Lissanierin, Levallyroe, Co. Mayo
Co. Mayo |
Ringforts
A quiet Mayo ridge holds something that modern suburbia has quietly grown around without quite absorbing.
At Levallyroe, the earthwork known as Lissanierin now sits at the junction of several fields, with the garden plots of modern houses pressing against it on three sides. Despite this encroachment, the structure retains a considerable physical presence, and local tradition holds that somewhere beneath its interior lies a souterrain, an underground stone-lined passage typically associated with early medieval ringforts and used variously for storage, refuge, or both.
Lissanierin is a bivallate rath, meaning it was enclosed not by a single bank-and-ditch circuit but by two. A rath is an early medieval farmstead, usually dating from roughly the fifth to the twelfth century, defined by one or more earthen banks with an accompanying fosse, or ditch, dug just outside. Here, the circular raised interior measures about 33.5 metres north to south and 32 metres east to west. The inner bank has been largely worn down to a low scarp, standing no more than about 1.2 metres externally, but the outer earthen bank is considerably more intact, reaching an internal height of nearly two metres. That outer bank now doubles as a field boundary, and its unusually steep outer face is thought to be a relatively recent reshaping carried out for exactly that practical purpose. The fosse between the two banks remains broad and well-defined, running to between four and four and a half metres in width. The name Lissanierin appears on Ordnance Survey six-inch maps from both 1838 and 1916, suggesting the site was recognised and named long before any formal archaeological attention came its way.
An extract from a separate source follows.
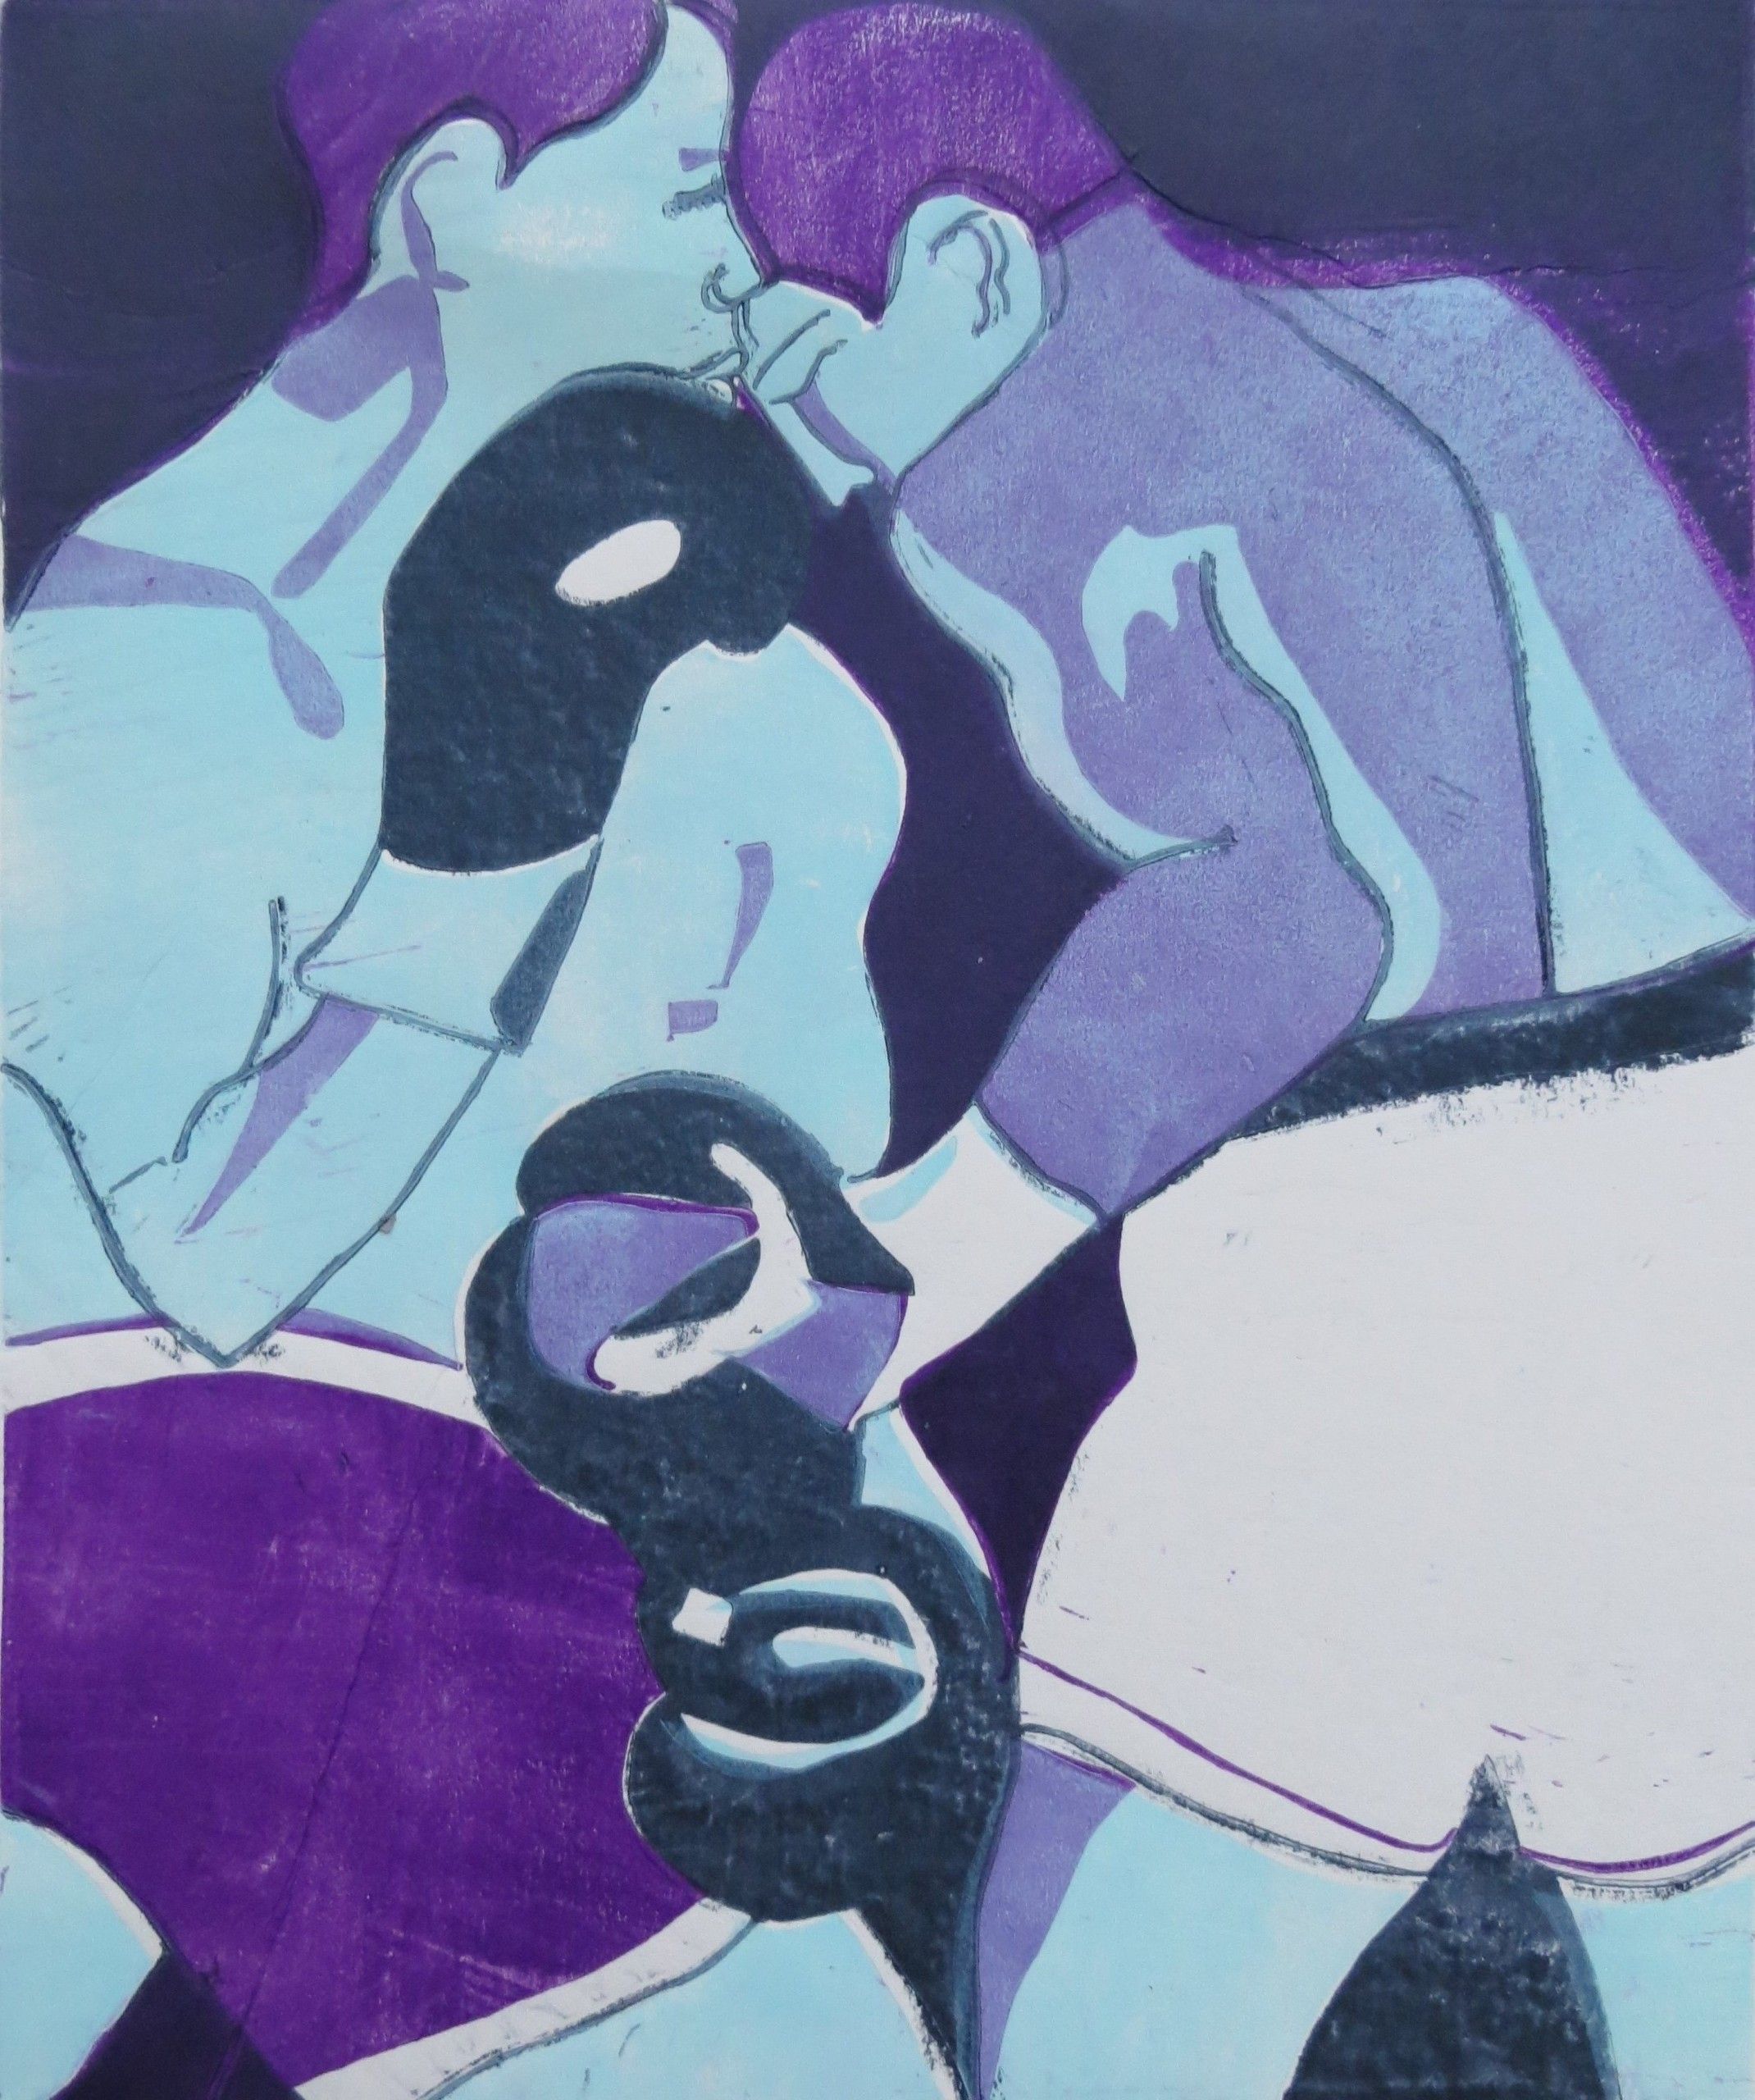 In The Ring (Violet) by Lisa Takahashi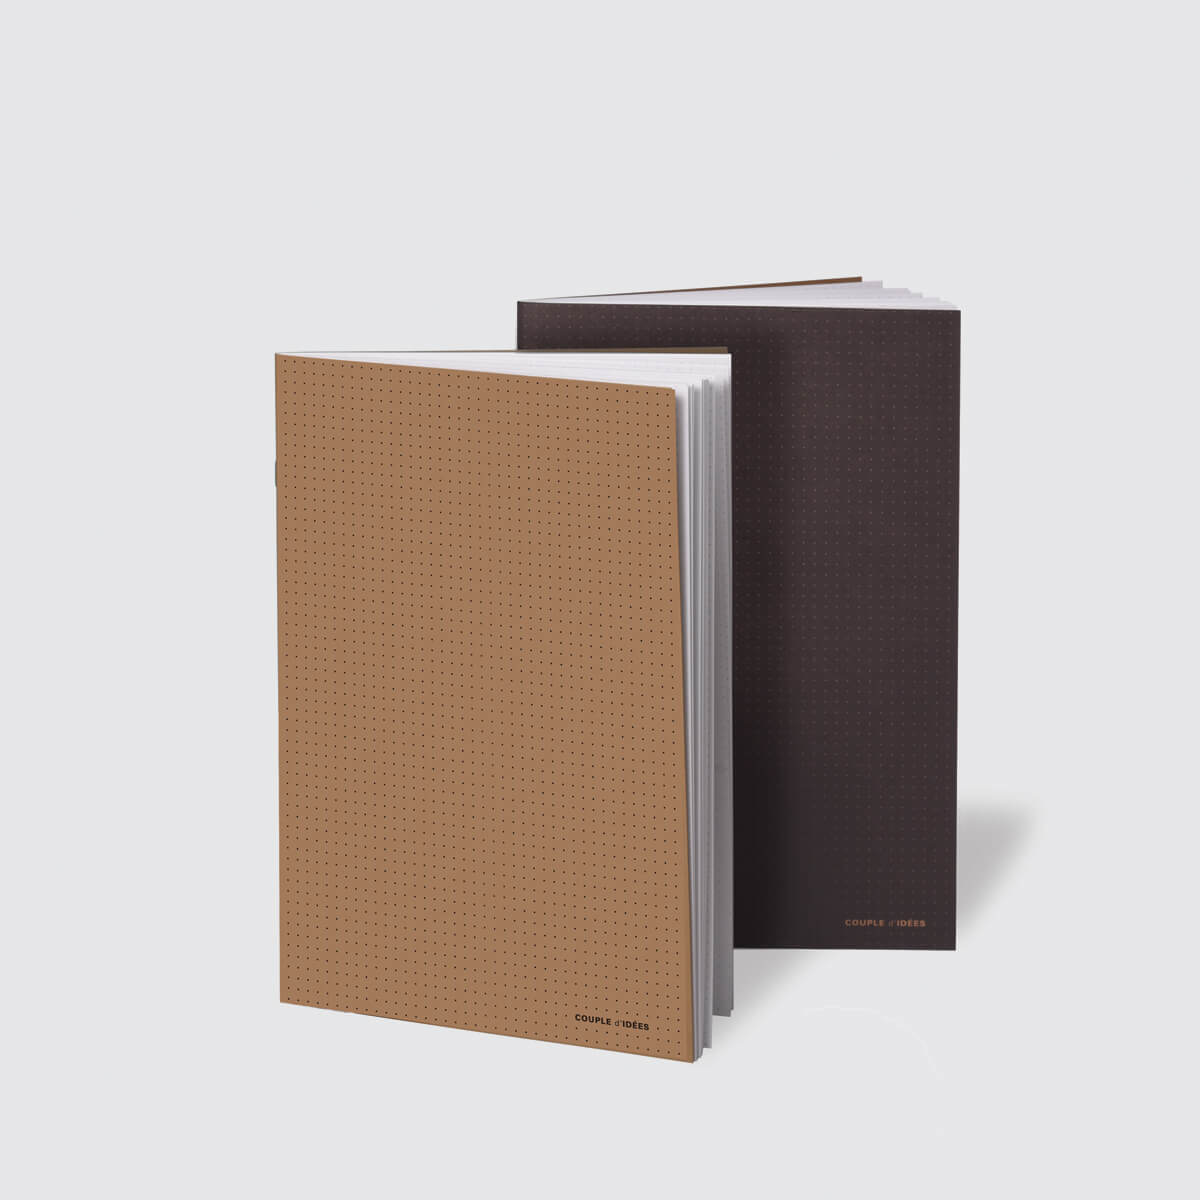 Couple d'idees Large WORKSHOP notebook

The most likely entrance to the enclosure was somewhere on the east-southeast to southeast arc, where a possible causeway crossing the fosse and a gap in the outer bank can just about be detected. That gap and causeway are difficult to examine closely because of dense blackthorn scrub that rings the monument along with hawthorn, hazel, and brambles. The interior is equally overgrown, with long grass throughout and blackthorn pressing inward from the east. The vegetation gives the rath a closed, self-contained character, sitting on its ridge with gardens and pasture land parcelled around it, neither fully wild nor quite domesticated.